Recent Progress and Challenges in Perylene Small Molecules, Assemblies and Composites for Photocatalytic Hydrogen Evolution

Abstract

AbstractPerylene diimide (PDI) derivatives are among the best‐known n‐type organic semiconductors because of their unique photophysical and chemical characteristics. In recent years, significant progress has been made in the development of various PDI/composites and their self‐assembled structures for photocatalytic hydrogen (H2) evolution. However, the slow transport of photogenerated charge carriers, rapid charge recombination, limited catalytic activity, and instability of these materials still pose difficulties for their practical use.

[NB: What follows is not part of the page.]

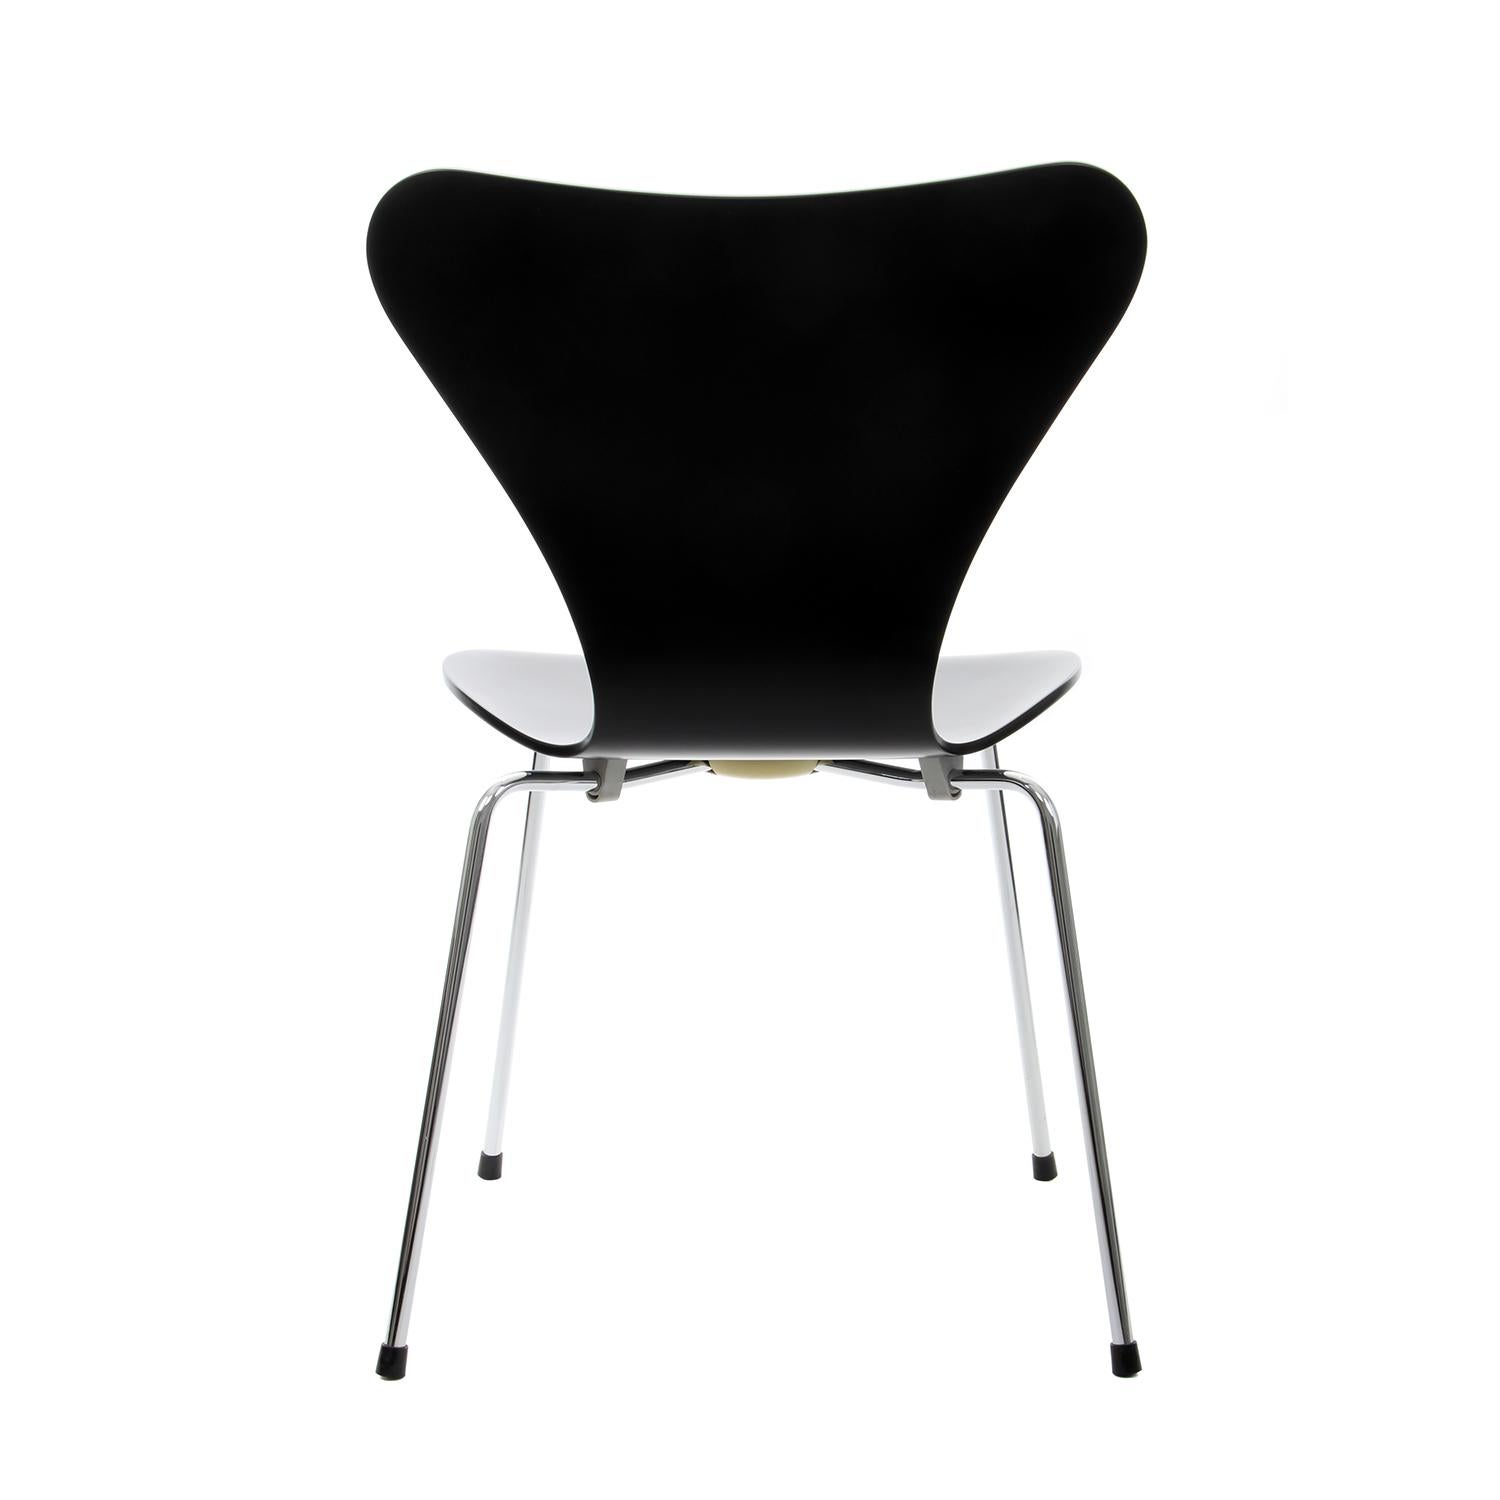 Danish Series 7 Black Chair by Arne Jacobsen for Fritz Hansen in 1955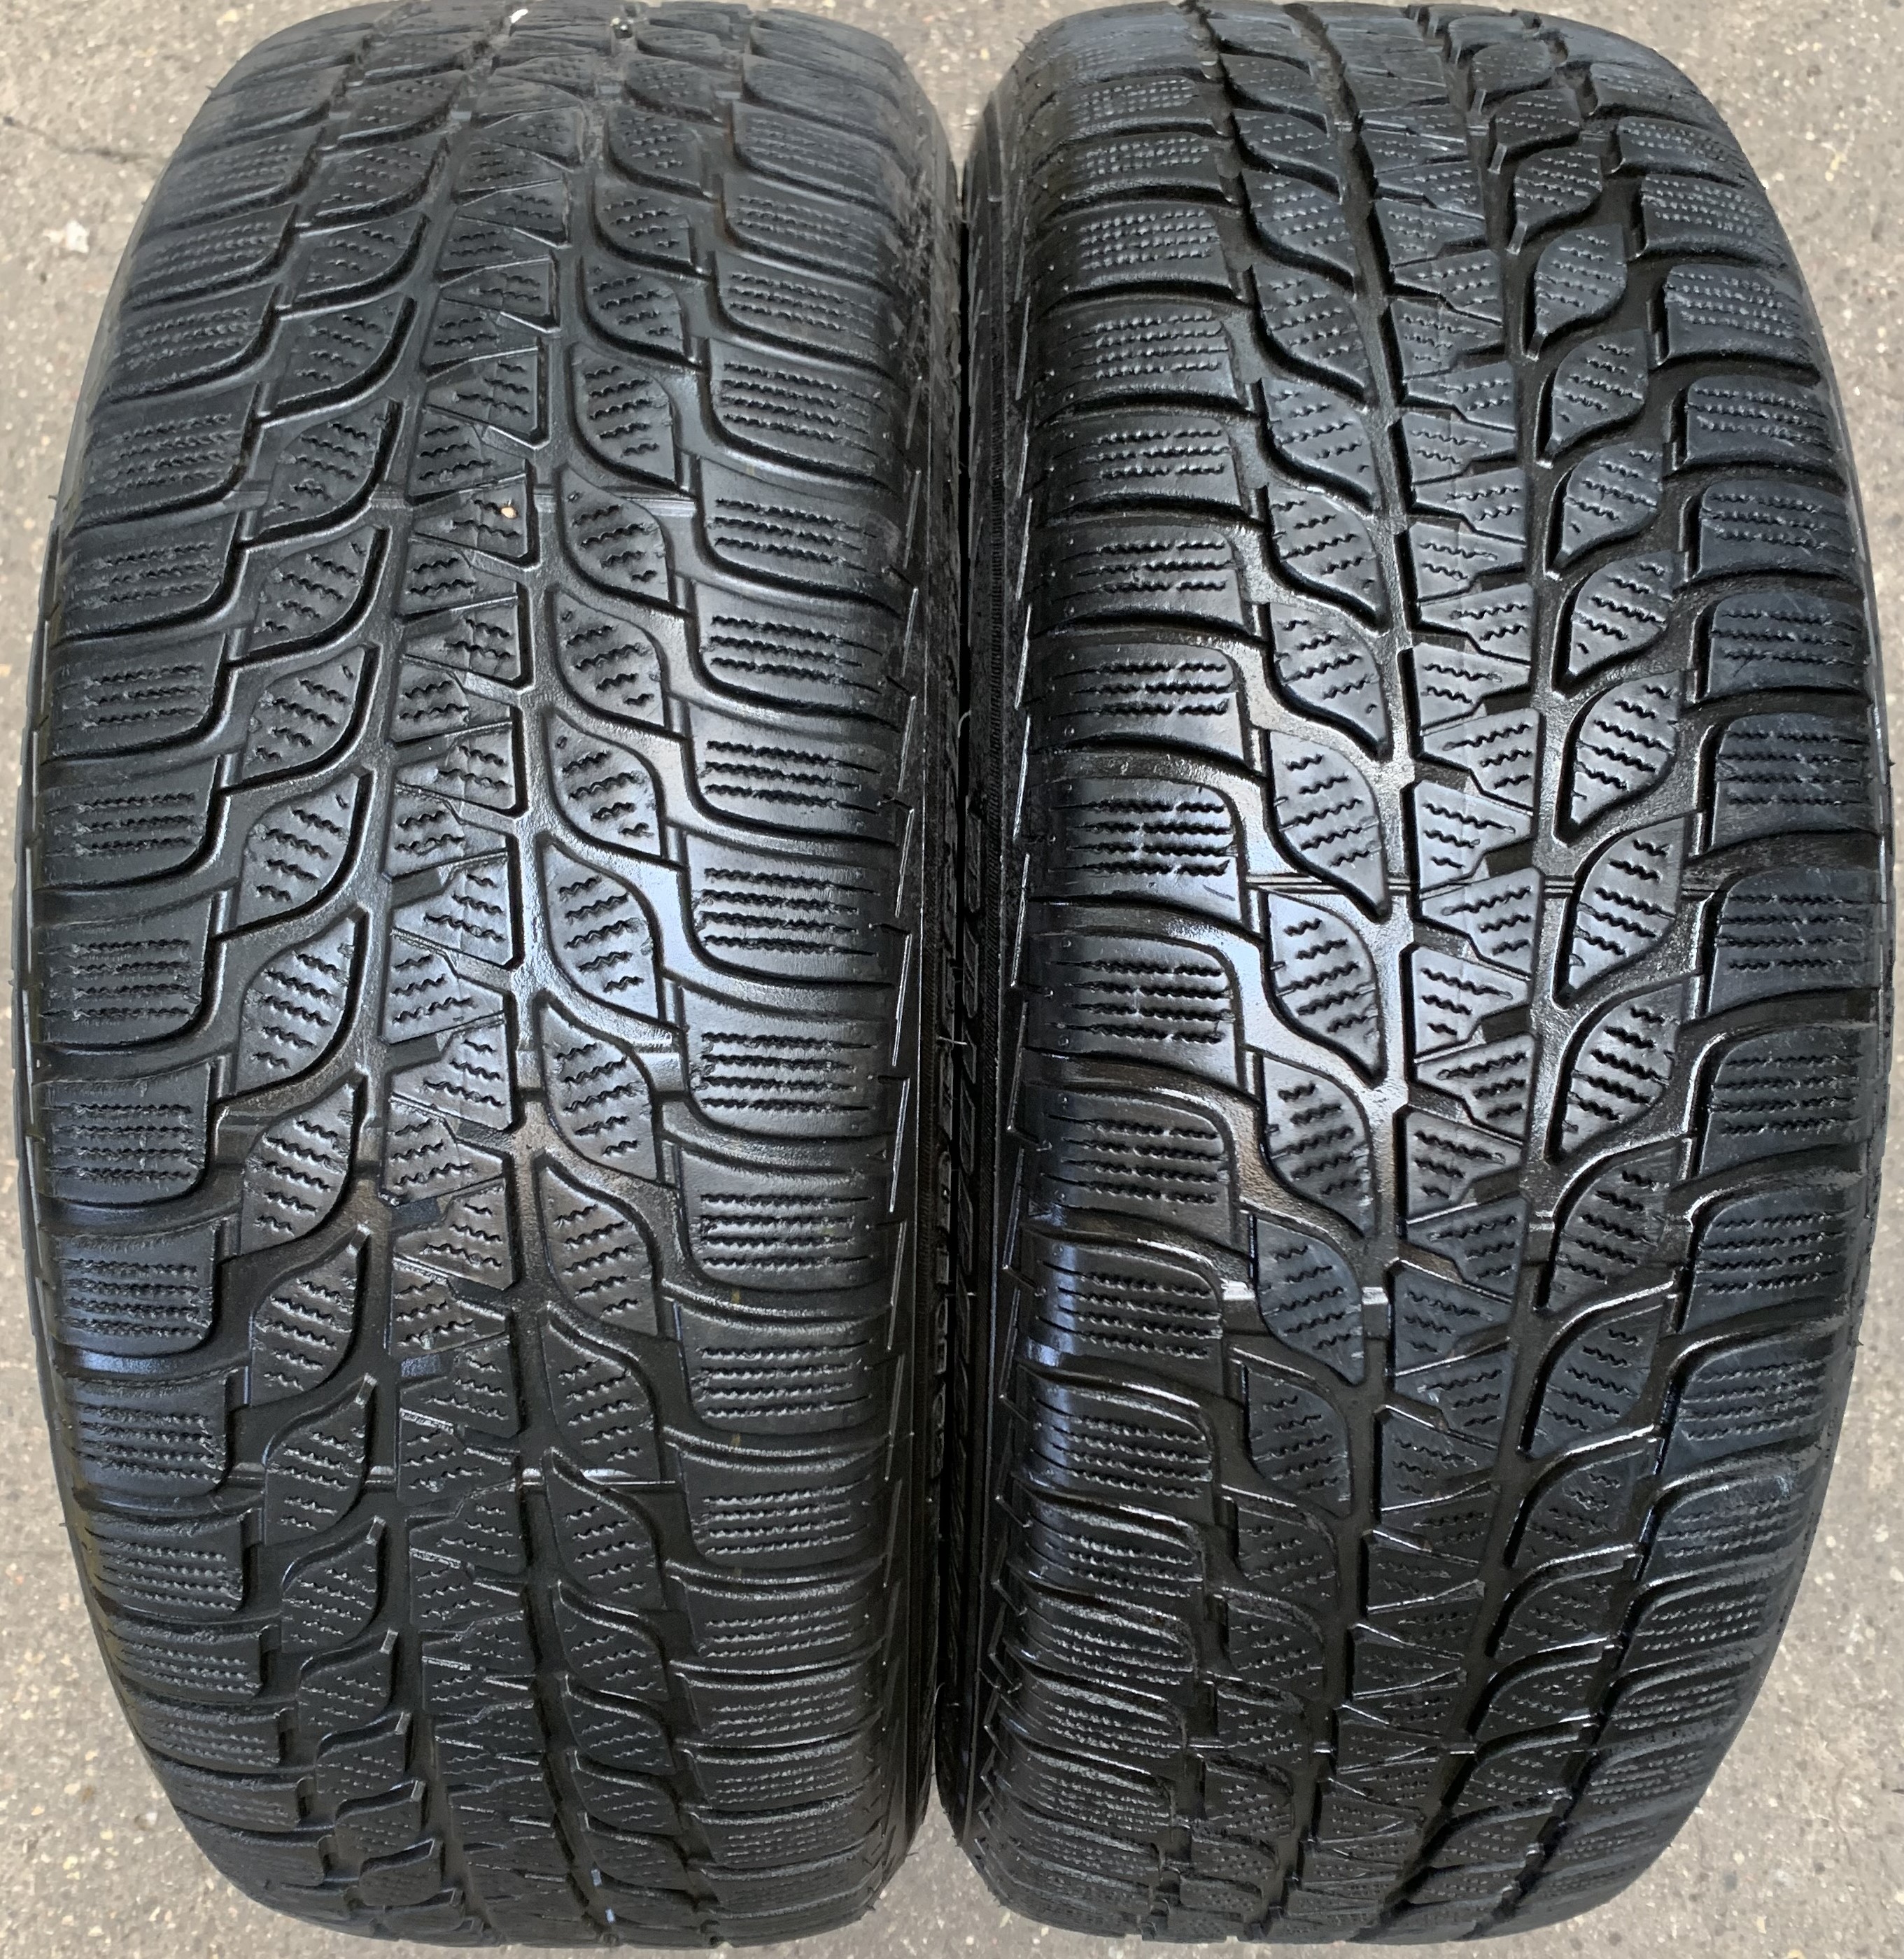 RA5687 Rsc eBay Bridgestone R16 195/55 87H Winter | Tires M+S RFT 2 LM-25 Blizzak

In order to address these problems, extensive studies have been conducted on structural modifications, molecular design, and synthesis techniques to control the morphology of self‐assembled PDI structures and create new and effective photocatalysts. In this context, perylene based small molecules, their composites with TiO2 and g‐C3N4, self‐assembled perylene derivatives have been designed and their roles as heterogenous photocatalysts for H2 evolution have been investigated thoroughly in literature. In this review, the developments of PDI‐based photocatalysts for H2 evolution are outlined under four different categories. Self‐assembled PDI nanostructures have made the most advancements among all the categories, with highest hydrogen evolution rate (HER) of 61.49 mmol g−1 h−1 while composites composed of perylene derivatives and g‐C3N4 exhibited the second highest rate of hydrogen evolution (17.7 mmol g−1 h−1). This review is intended to give researchers a better understanding and guidelines for designing PDI‐based and other chromophore‐based materials for efficient H2 evolution and their further exploration for future improvement in H2 evolution efficiencies.